HarryLimethe3rd. That's my Twitter screen name. (Hold on--is that the name for it, or is there some cute moniker like TweetTag?) Either way, I have joined the Twitter universe.
But I haven't posted, and don't plan to. I am there to stalk; and with class permission. So I tried to keep myself pseudo-quasi-anonymous, as much as can be on the internet (style now accepts lowercase for internet. Am I okay with that?).
Real question: how should I condense my thoughts to 140 characters? The last sentence was already halfway there. Follow-up question: do I even want to? (Simple answer: no. Longer answer: I prefer to spend my free interactive online time blogging, checking e-mail, buying things from Amazon.)

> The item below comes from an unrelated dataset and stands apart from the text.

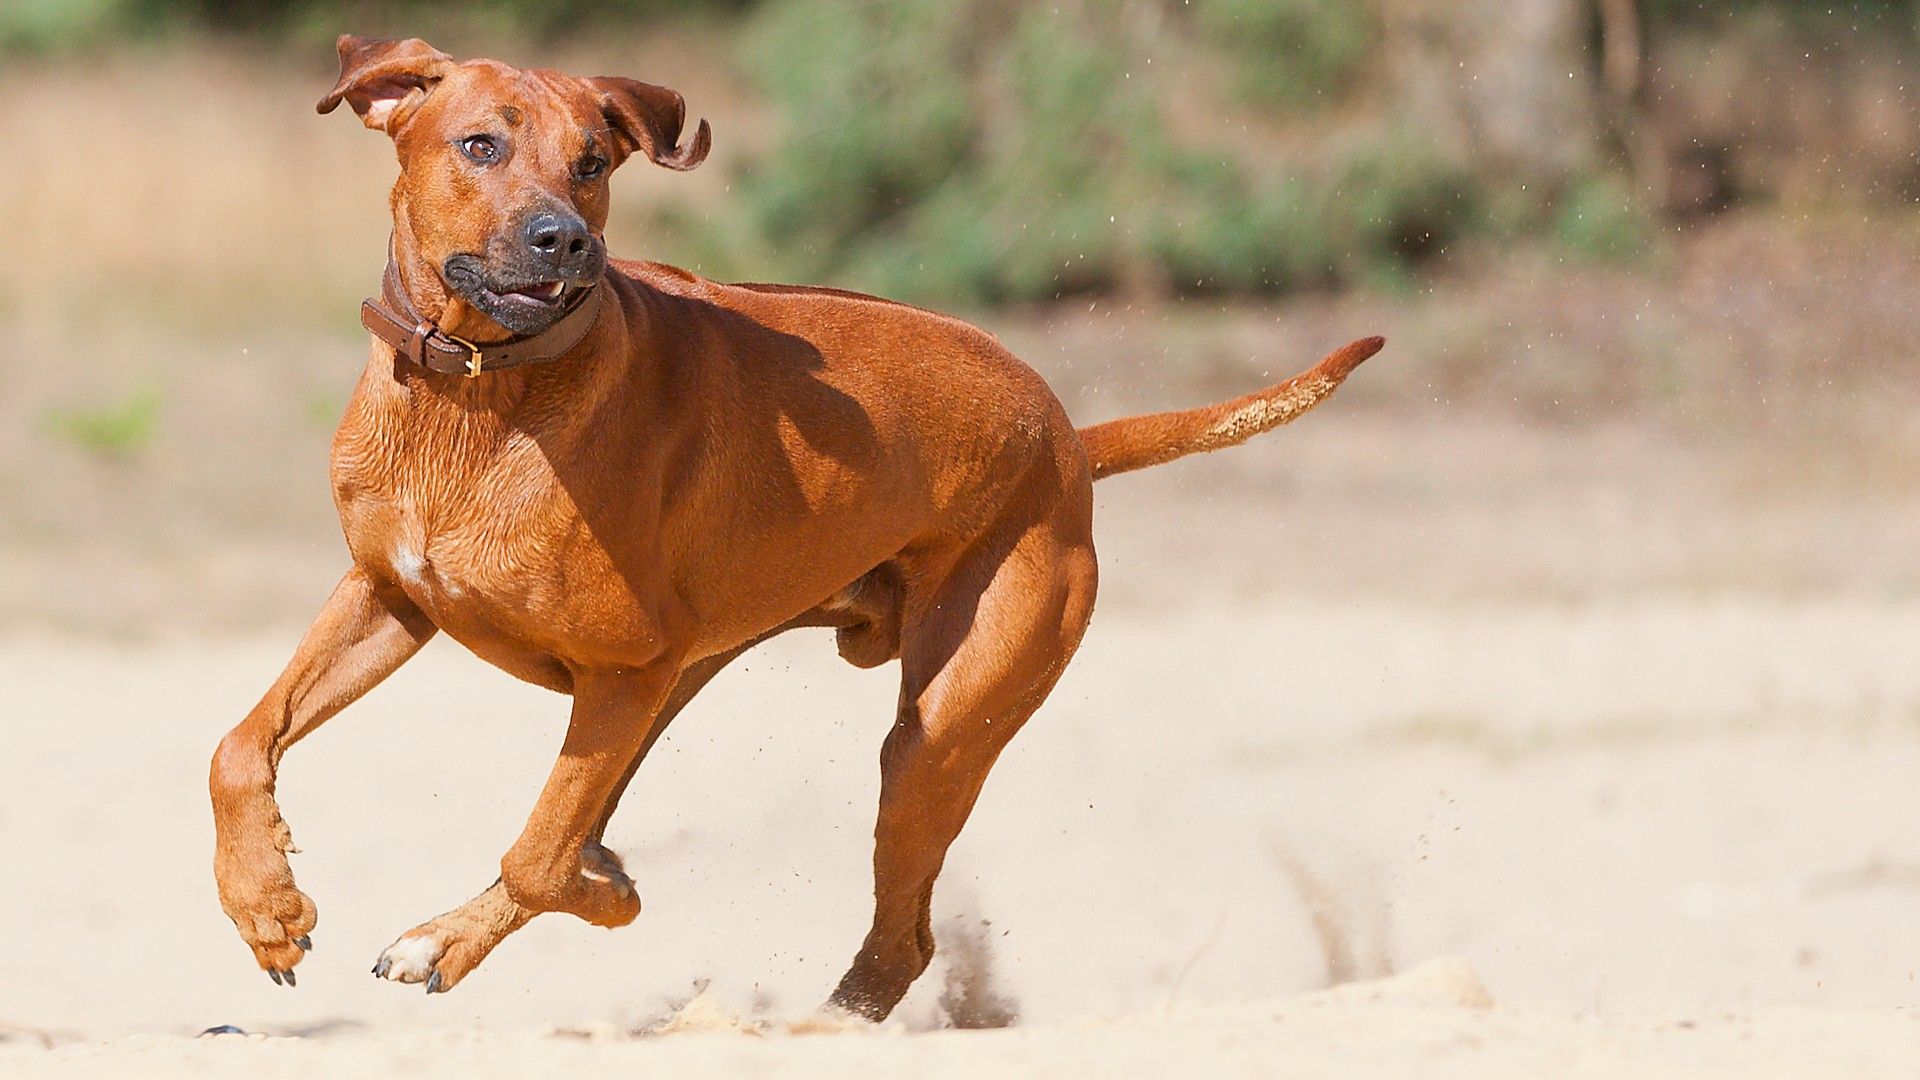 <p>                     The Rhodesian Ridgeback was bred to track lions in Africa and are fast and powerful athletes who are incredibly protective of their loved ones. Named for the distinctive ridge of hair that grows in the opposite direction down their back, this pup can have a threatening presence at times but they are very gentle at heart.                   </p>                                      <p>                     Highly intelligent and easy to train, they’re super agile and make great outdoor companions regardless of the activity. A popular choice amongst runners and hikers, the Rhodesian Ridgeback has a tendency to be strong-willed and independent, so they do require a firm but fair hand.                   </p>                                      <p>                     That being said, once they know that you’re the boss, this loving and affectionate dog will be the most faithful of friends, making wonderful playmates for children and one of the best exercise companions you could ask for.                   </p>

Besides, there's Twitter spam! I mean, who knew? Day one, three girls started following me, and I knew none of them. It's not like when Thomas Jefferson is your Facebook compatriot. Apparently people latch onto newbies like leeches to, a la Facebook, compile more followers. But why? So that complete strangers will read your Tweets?
So I blocked them. And then someone I haven't seen since high school found me on my natal day. Glad it's not spam, but how did they track me down? Oh, Web 2.0, you are one crafty minx.
Oh, snap. All my paragraphs are over the limit. How to adapt to this strange new world? I'll just have to keep stalking Barack O., Ellen D., and Coldplay. (That's right, we're tight Tweeters... Twitterers?...)
And my point is...? Don't condemn me. At least I've learned how long 140 is. If I go all Ashton K., you'll read it here first.